For thus he solved the question which he proposed to himself in writing as
follows to Jubaianus: "But some will say, 'What then will become of those who,
in times past, coming to the Church from heresy, were admitted without baptism?'
The Lord is able of His mercy to grant pardon, and not to sever from the gifts
of His Church those who, being out of simplicity admitted to the Church, have in
the Church fallen asleep."(2)
CHAP. 14.--19. But which is the worse, not to be baptized at all, or to be twice
baptized, it is difficult to decide. I see, indeed, which is more repugnant and
abhorrent to men's feelings; but when I have recourse to that divine balance, in
which the weight of things is determined, not by man's feelings, but by the
authority of God, I find a statement by our Lord on either side. For He said to
Peter, "He who is washed has no need of washing a second time;"(3) and to
Nicodemus, "Except a man be born of water and of the Spirit, he cannot enter
into the kingdom of God."(4) What is the purport of the more secret
determination of God, it is perhaps difficult for men like us to learn; but as
far as the mere words are concerned, any one may see what a difference there is
between "has no need of washing," and "cannot enter into the kingdom of heaven."
The Church, lastly, herself holds as her tradition, that without baptism she
cannot admit a man to her altar at all; but since it is allowed that one who has
been rebaptized may be admitted after penance, surely this plainly proves that
his baptism is considered valid. If, therefore, Cyprian thought that those whom
he considered to be unbaptized yet had some share in pardon, in virtue of the
bond of unity, the Lord has power to be reconciled even to the rebaptized by
means of the simple bond of unity and peace, and by this same compensating power
of peace to mitigate His displeasure against those by whom they were rebaptized,
and to pardon all the errors which they had committed while in error, on their
offering the sacrifice of charity, which covereth the multitude of sins; so that
He looks not to the number of those who have been wounded by their separation,
but to the greater number who have been delivered from bondage by their return.

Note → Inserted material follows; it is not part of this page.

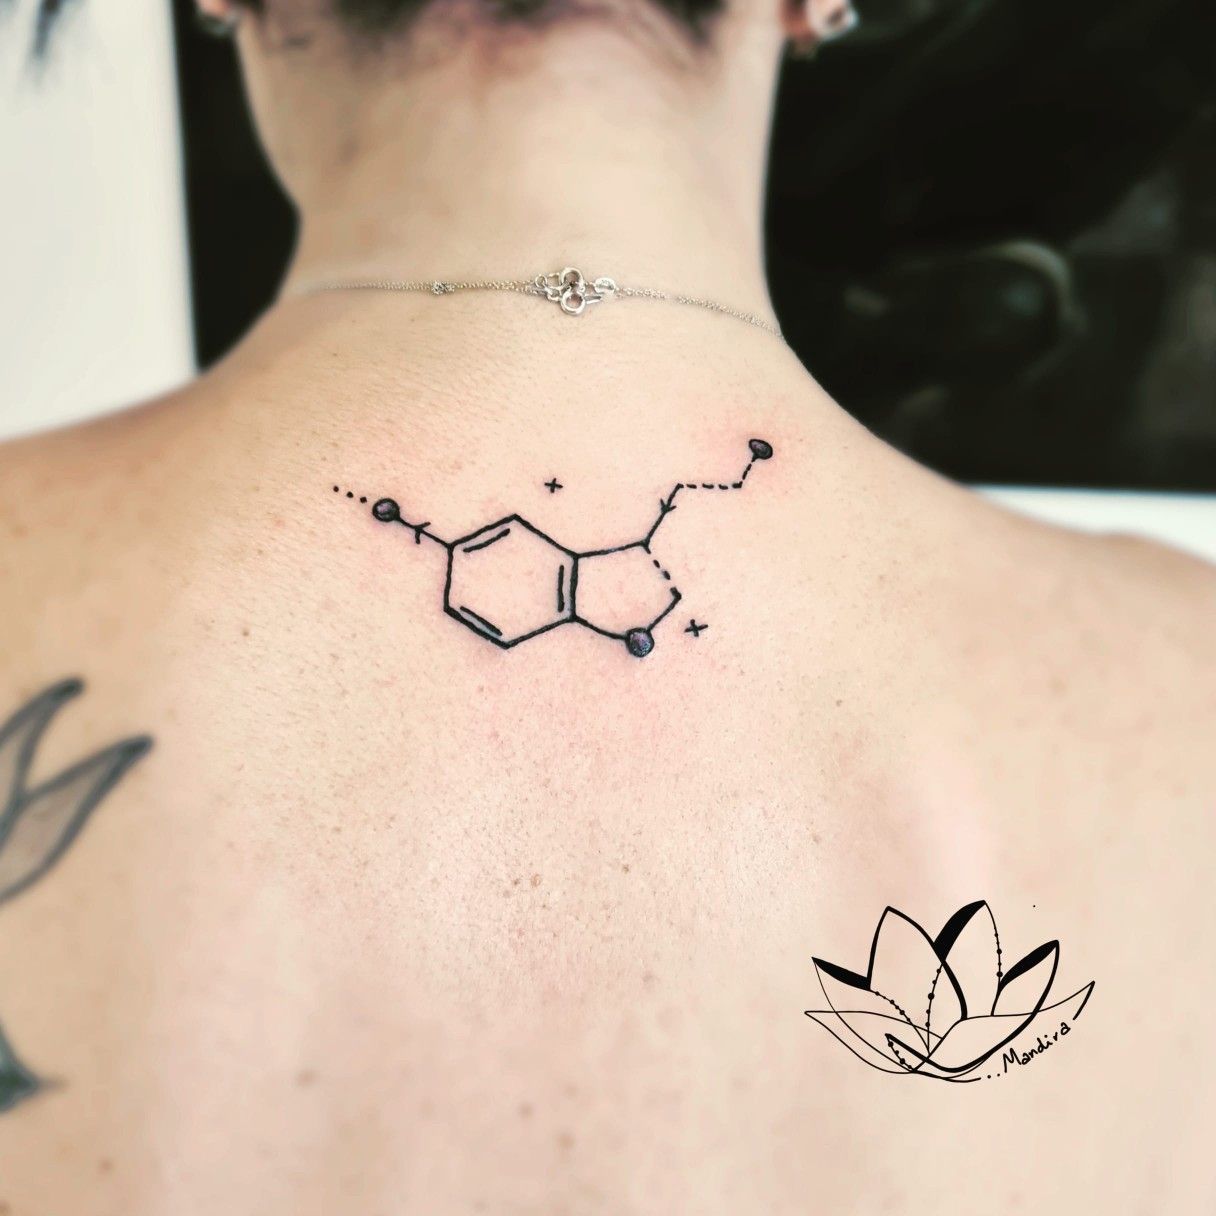 acetylcholine tattoo meaning

For in the same bond of peace in which Cyprian conceived that, through the mercy
of God, those whom he considered to have been admitted to the Church without
baptism, were yet not severed from the gifts of the Church, we also believe that
through the same mercy of God the rebaptized can earn their pardon at His hands.
CHAP. 15.--20. Since the Catholic Church, both in the time of the blessed
Cyprian and in the older time before him, contained within her bosom either some
that were rebaptized or some that were unbaptized, either the one section or the
other must have won their salvation only by the force of simple unity. For if
those who came over from the heretics were not baptized, as Cyprian asserts,
they were not rightly admitted into the Church; and yet he himself did not
despair of their obtaining pardon from the mercy of God in virtue of the unity
of the Church. So again, if they were already baptized, it was not right to
rebaptize them. What, therefore, was there to aid the other section, save the
same charity that delighted in unity, so that what was hidden from man's
weakness, in the consideration of the sacrament, might not be reckoned, by the
mercy of God, as a fault in those who we're lovers of peace? Why, then, while ye
fear those whom ye have rebaptized, do ye grudge yourselves and them the
entrance to salvation? There was at one time a doubt upon the subject of
baptism; those who held different opinions yet remained in unity. In course of
time, owing to the certain discovery of the truth, that doubt was taken away.
The question which, unsolved, did not frighten Cyprian into separation from the
Church, invites you, now that it is solved, to return once more within the fold.
Come to the Catholic Church in its agreement, which Cyprian did not desert while
yet disturbed with doubt; or if now you are dissatisfied with the example of
Cyprian, who held communion with those who were received with the baptism of
heretics, declaring openly that we should "neither judge any one, nor deprive
any one of the right of communion if he differ from us,"(5) whither are ye
going, ye wretched men? What are ye doing? You are bound to fly even from
yourselves, because you have advanced beyond the position where he abode. But if
neither his own sins nor those of others could stand in his way, on account of
the abundance of his charity and his love of brotherly kindness and the bond of
peace, do you return to us, where you will find much less hindrance in the way
of either us or you from the fictions which your party have invented.